C’è una collina, nel mio paese, che si affaccia sul mare; un serpente di asfalto divide la spiaggia rocciosa dai campi e prosegue, giungendo ad un sentiero sterrato, sino alla scogliera. Da qui si può godere del silenzio e degli aliti di vento, talvolta è persino possibile scomparire nella linea blu dell’orizzonte, dove cielo e acqua si sposano e confondono, unendo le proprie anime, una riflesso dell’altra, nella loro infinita disuguaglianza.
Le mani fresche incontrano l’oro delle spighe asciutte, mentre le suole affondano nel manto umido, ancora irrorato di rugiada notturna, intrappolata tra i fili d’erba in germoglio.

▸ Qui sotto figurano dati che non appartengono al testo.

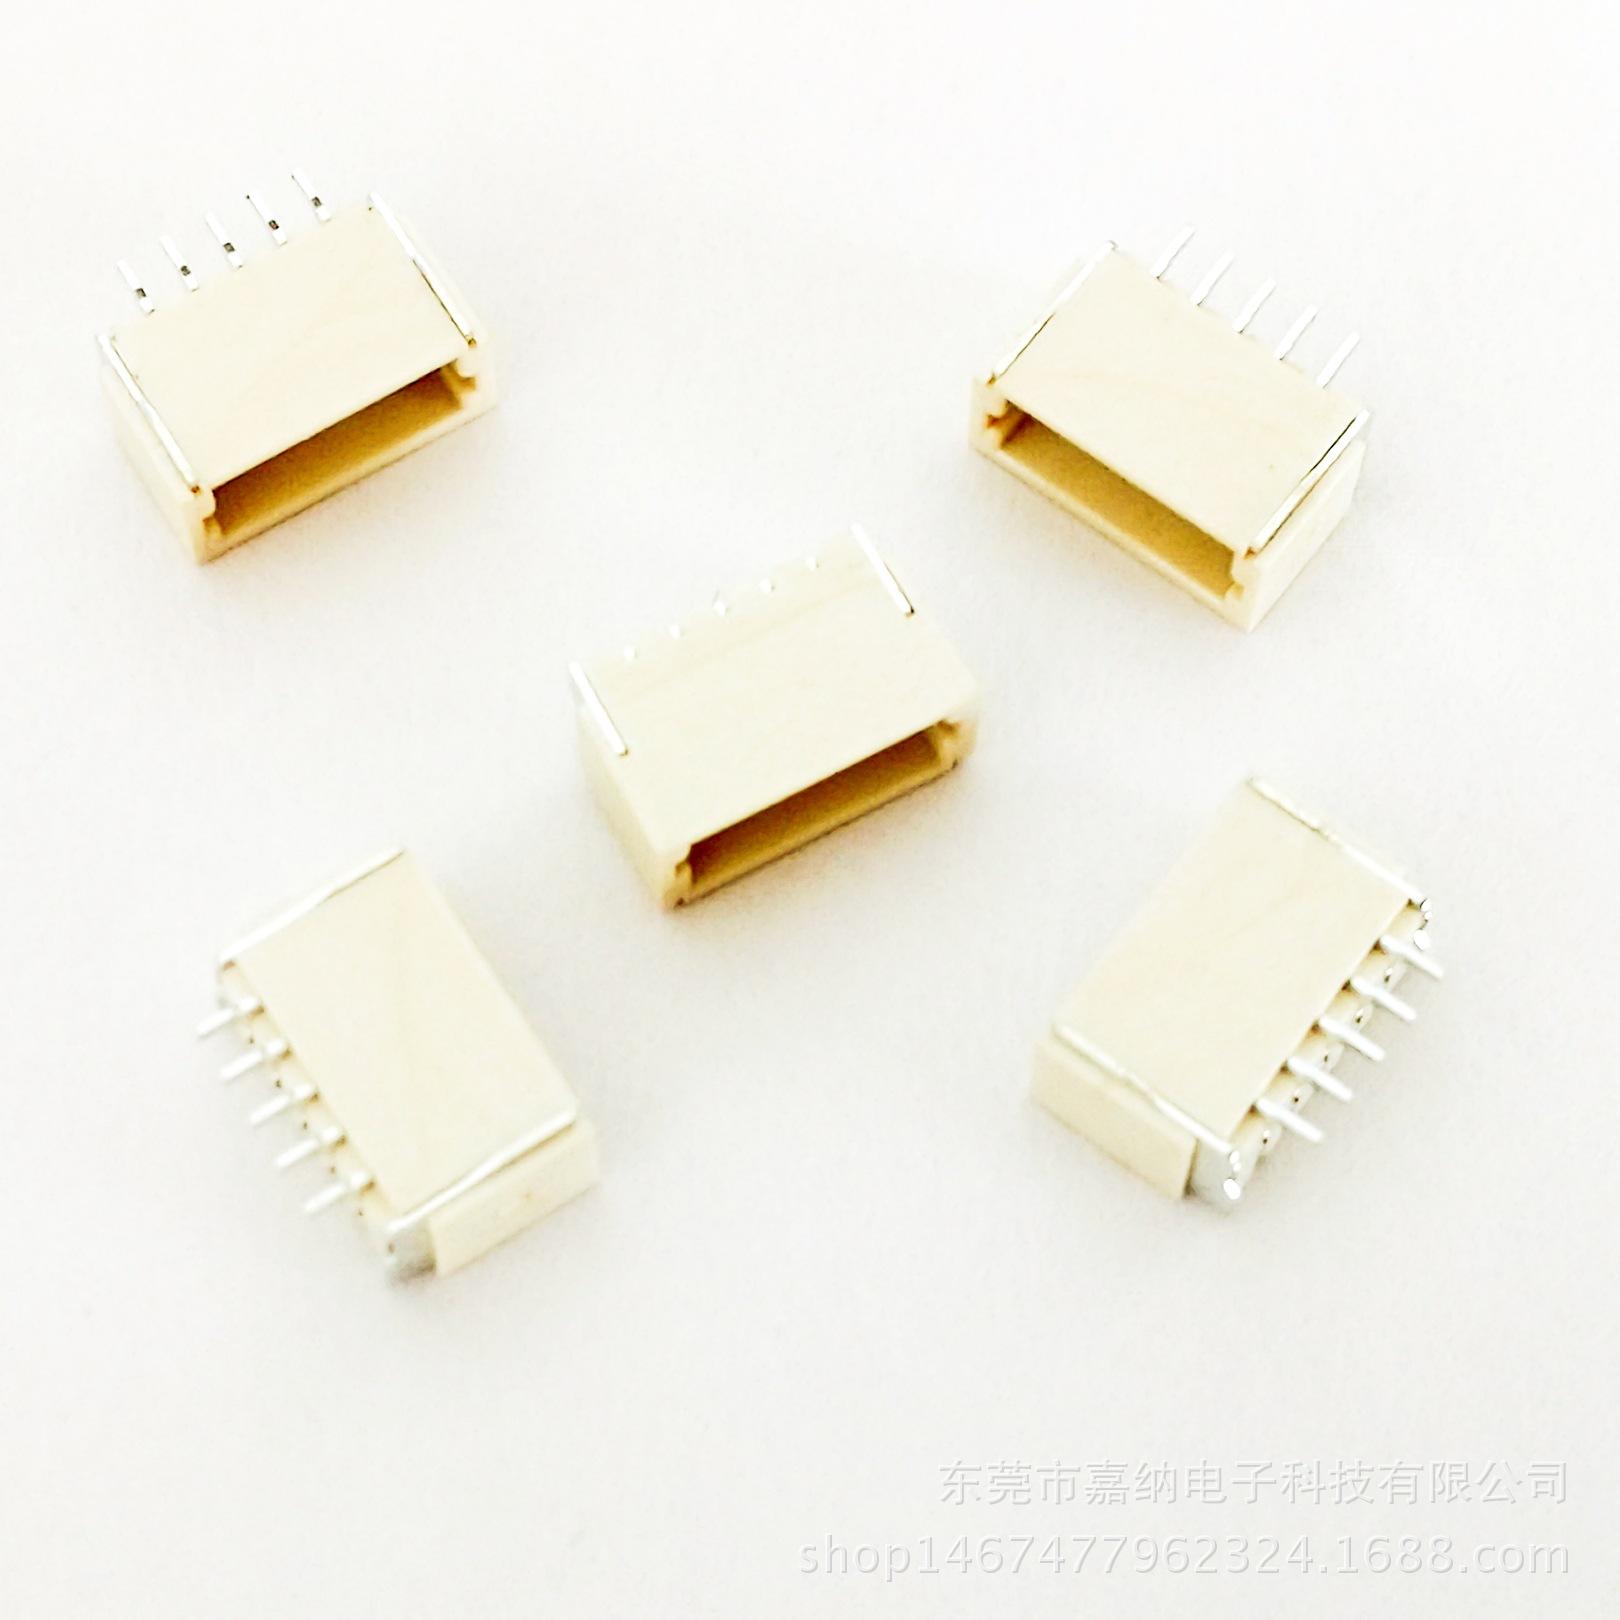 针座条形连接器WAFER板对板间距1.0 2

Cammino, penso, penso e cammino.
L’occhio si perde nei colori intensi del panorama, un ritaglio di paradiso chiamato casa. Malgrado non mi tenga più legata a sé, né l’anelito sia quello di permanervi fino alla fine del mio tempo, la terra che calpesto nasconde, nel suo buio fecondo, le mie radici più profonde, la propaggine familiare, il bulbo culturale, morale ed etico, qualcosa che nemmeno la distanza può sterpare, almeno non del tutto.
Il profumo pungente della macchia – rosmarino, mirto, elicriso, lentisco, ginepro – si amalgama con la brezza salmastra, madida e densa, il verde diventa indaco, arrotondandosi nel cerchio irregolare del magenta brillante delle bacche aspre, stemperandosi nel bianco dei fiori che volgono le loro corolle verso i raggi caldi ad oriente, terra del mattino.
A nord il Golfo abbraccia il Mediterraneo e, poco sopra, scalo visivamente la linea ondulata dei monti che adombra parte della città, poi, ancor più vicino, in questa prospettiva, il brillare eterno delle torce della SARAS, le fiamme rosse e vive che guizzano feroci verso l’aria.
Questa stradina l’ho percorsa di notte, su una macchina che non era la mia, i fanali e la polvere, il tuo sorriso, a cui ho volontariamente rinunciato, ricorda una falce di luna, barbaglio nella volta delle mie distruzioni. La pelle fresca, il pozzo fondo delle iridi appannate dal cristallo, la linea perfetta di mento, collo e clavicola, i capelli folti e scuri, dentro cui inabissare le dita, la leggerezza delle battute impastate all’ironia cinica, una lama di bisturi e nel contempo la dolcezza colata del miele.
Non posso andare avanti così, ottenebrata dalla notte del mio reame di paura. Però devo. E per farlo cammino nella mia isola.
È da poco che sono tornata, ma già penso di dover scappare.
Di cosa pensa e fa la gente, i miei compaesani che ridono di me, in barba alle mie disgrazie recenti, m’interessa poco più di niente. Non capiscono che dietro a gesti avventati, incerti e spesso incomprensibili, si cela un’anima fragile, ferita, ma in grado di sollevare un mondo sulle spalle.
L’apparenza è solo un mantello che ci rende invisibili. Ed è così che voglio essere, impercettibile, instaurando il divario necessario che mi consenta di essere integra, comportandomi come l’olio che rimane sul pelo dell’acqua, senza mai mescolarvisi, forse disgregandosi in mille ed una goccia, se scosso, ma rimanendo comunque uguale a se stesso.